The core indicator of this strategy is RSI/ROC, which calculates the RSI value based on the ROC indicator. The ROC indicator can display the difference between the current price and the price x periods ago, in points or as a percentage. While the RSI indicator reflects the ratio of rising days to falling days over a period of time, used to judge overbought and oversold conditions.

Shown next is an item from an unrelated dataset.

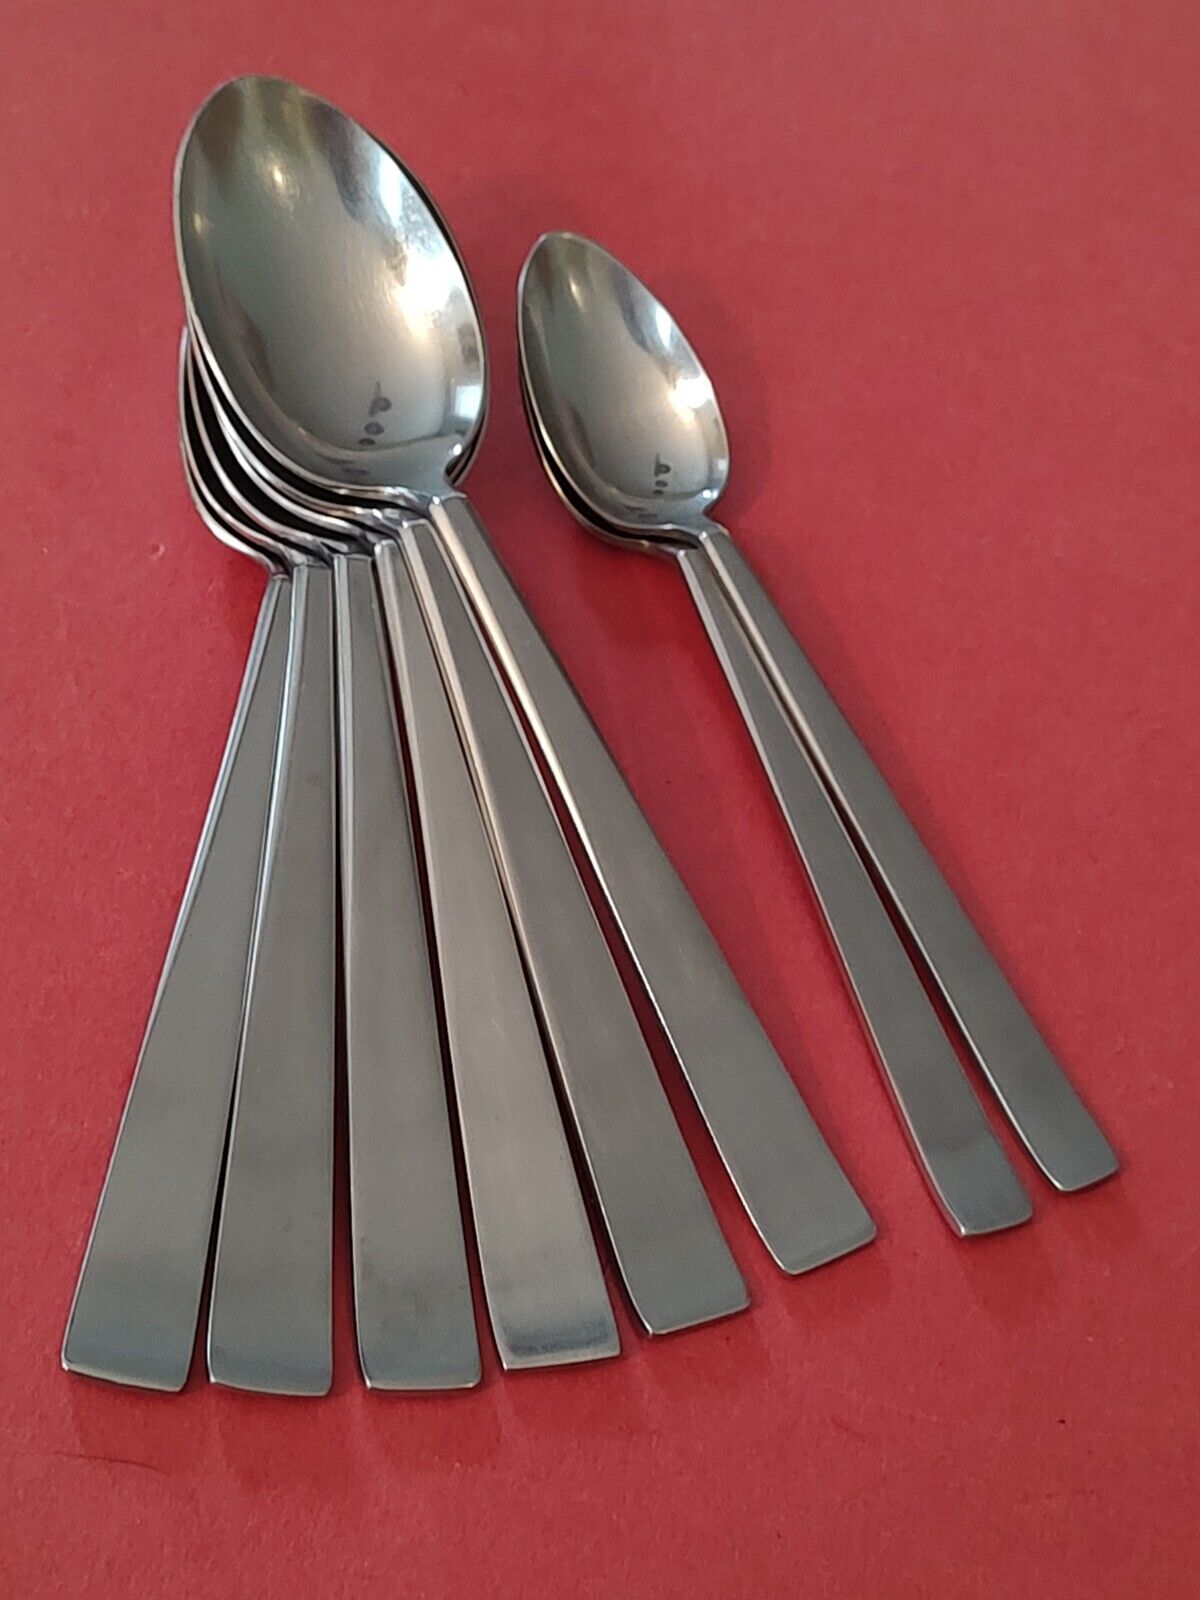 8pc G-Sola-Z CORA Stainless Steel 6 SOUP 2 TEA SPOONS Holland 
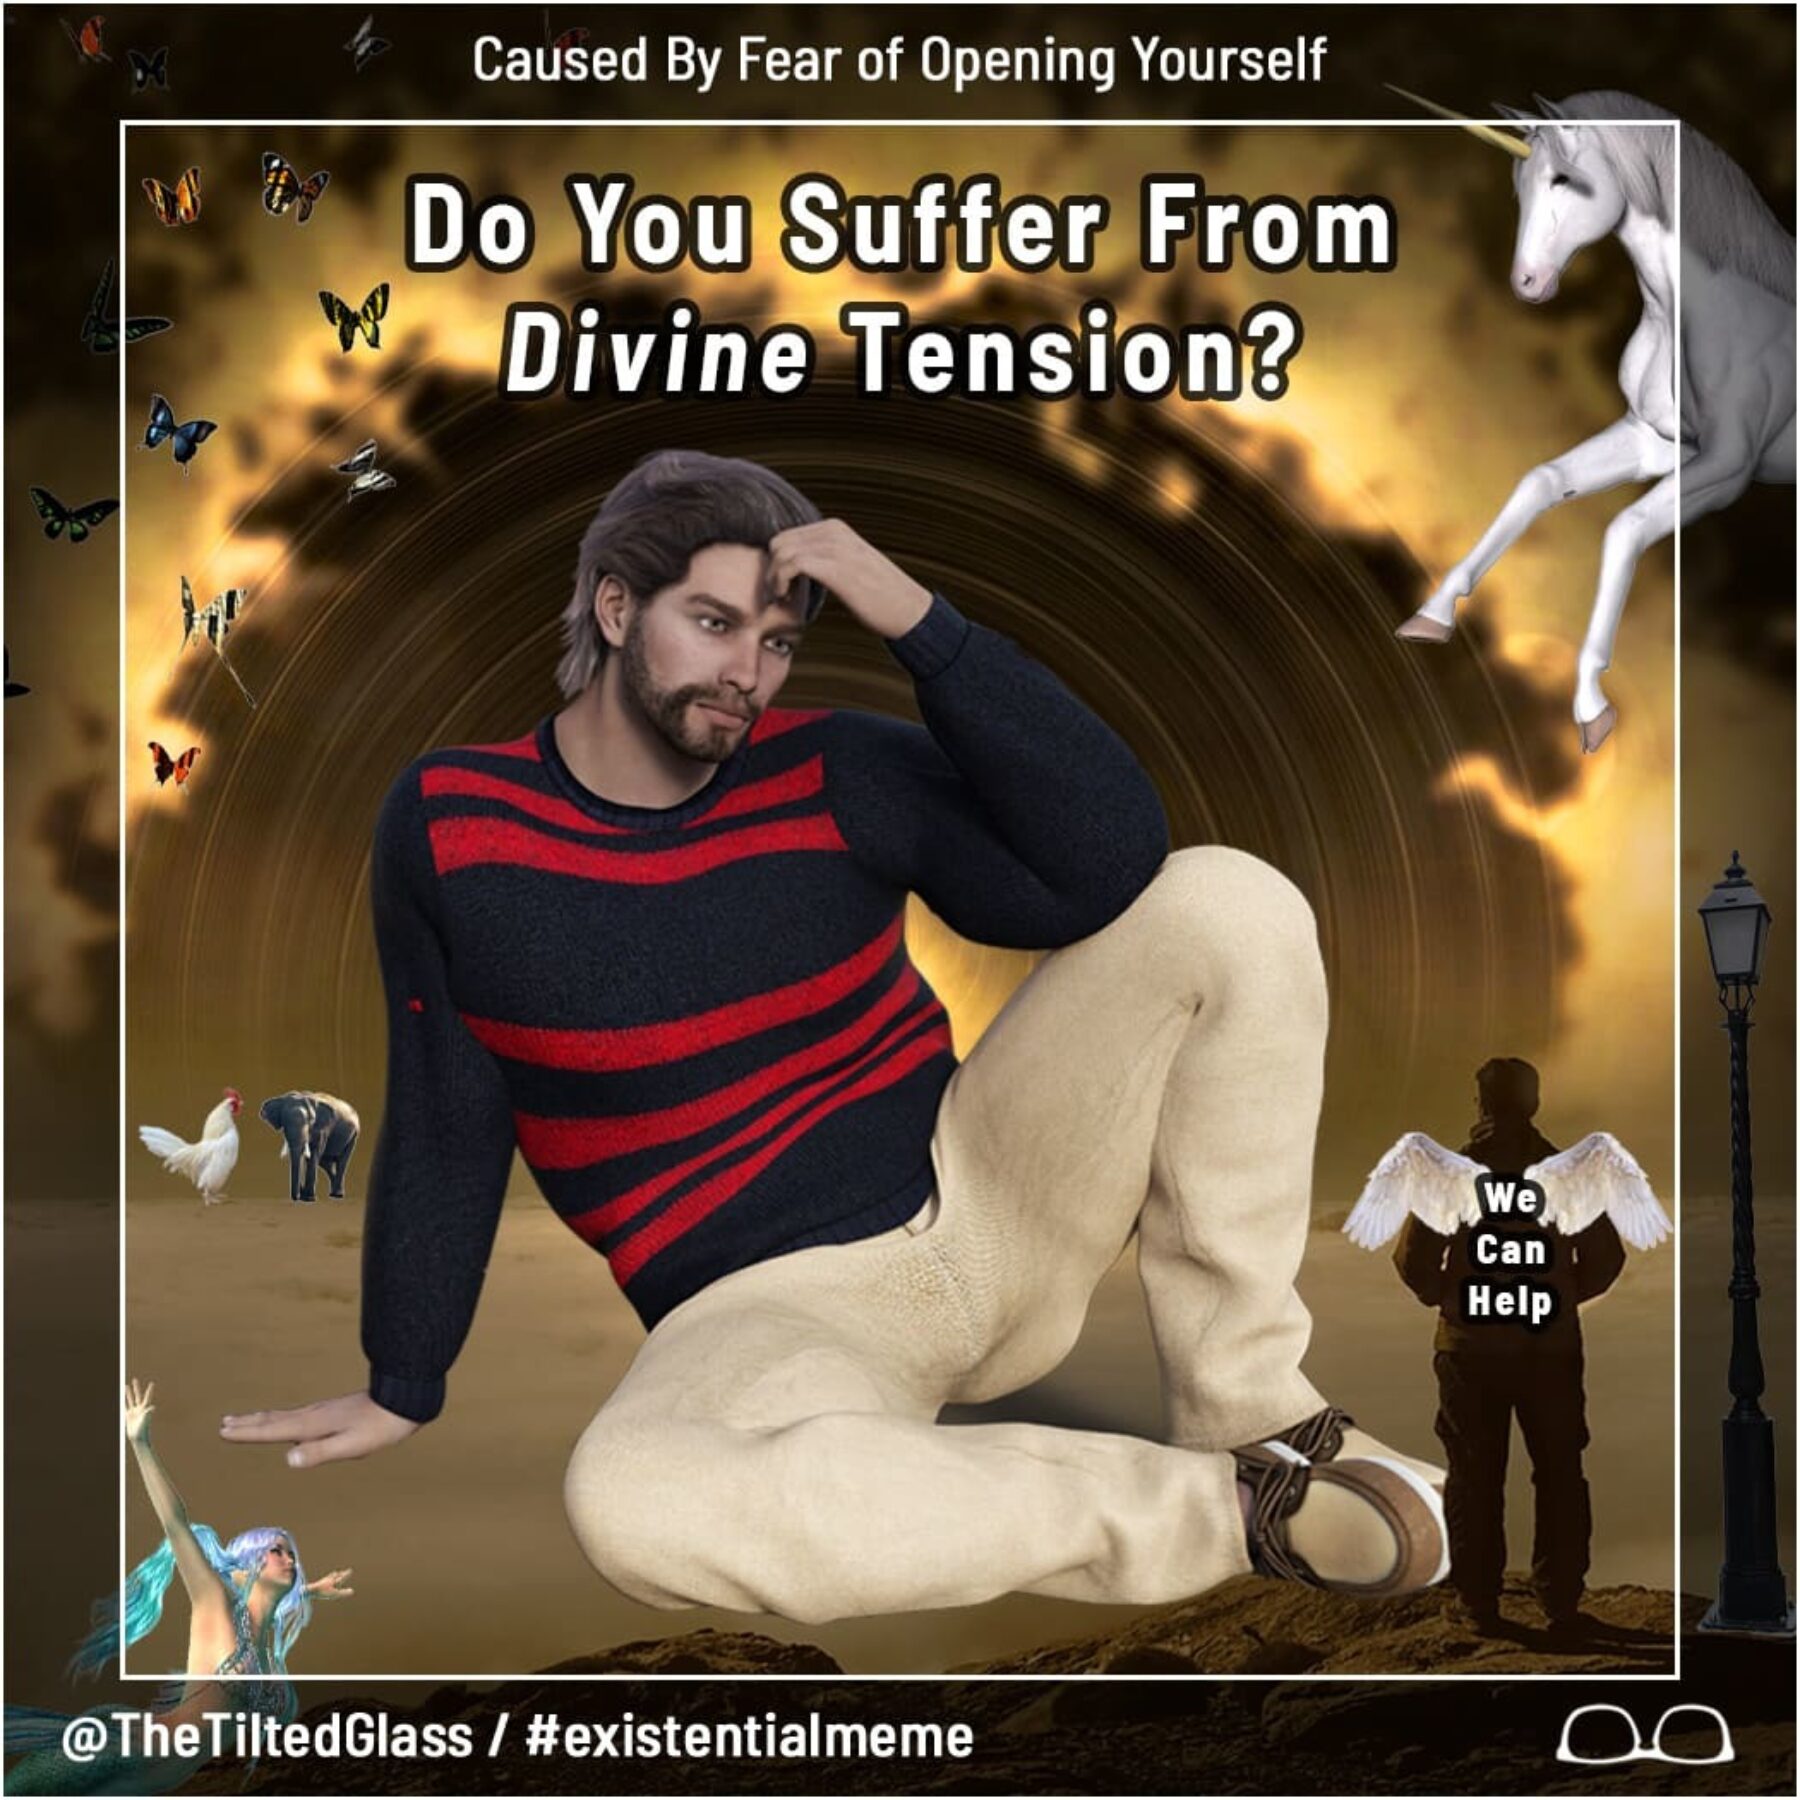 Do You Suffer From Divine Tension?

The RSI/ROC indicator combines the two, first calculating the speed of price changes through ROC, and then calculating RSI based on the ROC results, which can better reflect the intrinsic trend of price rises and falls. When RSI/ROC is below 30 it is in oversold territory, and above 70 is in overbought territory, at which point reverse operations can be performed.

The strategy also sets buy zones and sell zones to divide the boundaries of high and low indicator values, and reverse trading is performed when reverse trading is enabled. Different color visual styles are set for the indicator values.

Advantage Analysis

  1. The ROC indicator can filter out some of the noise in the price data, making the RSI/ROC indicator more stable and reliable.

  2. The combination of buy zones and sell zones makes it easier to identify overbought and oversold conditions.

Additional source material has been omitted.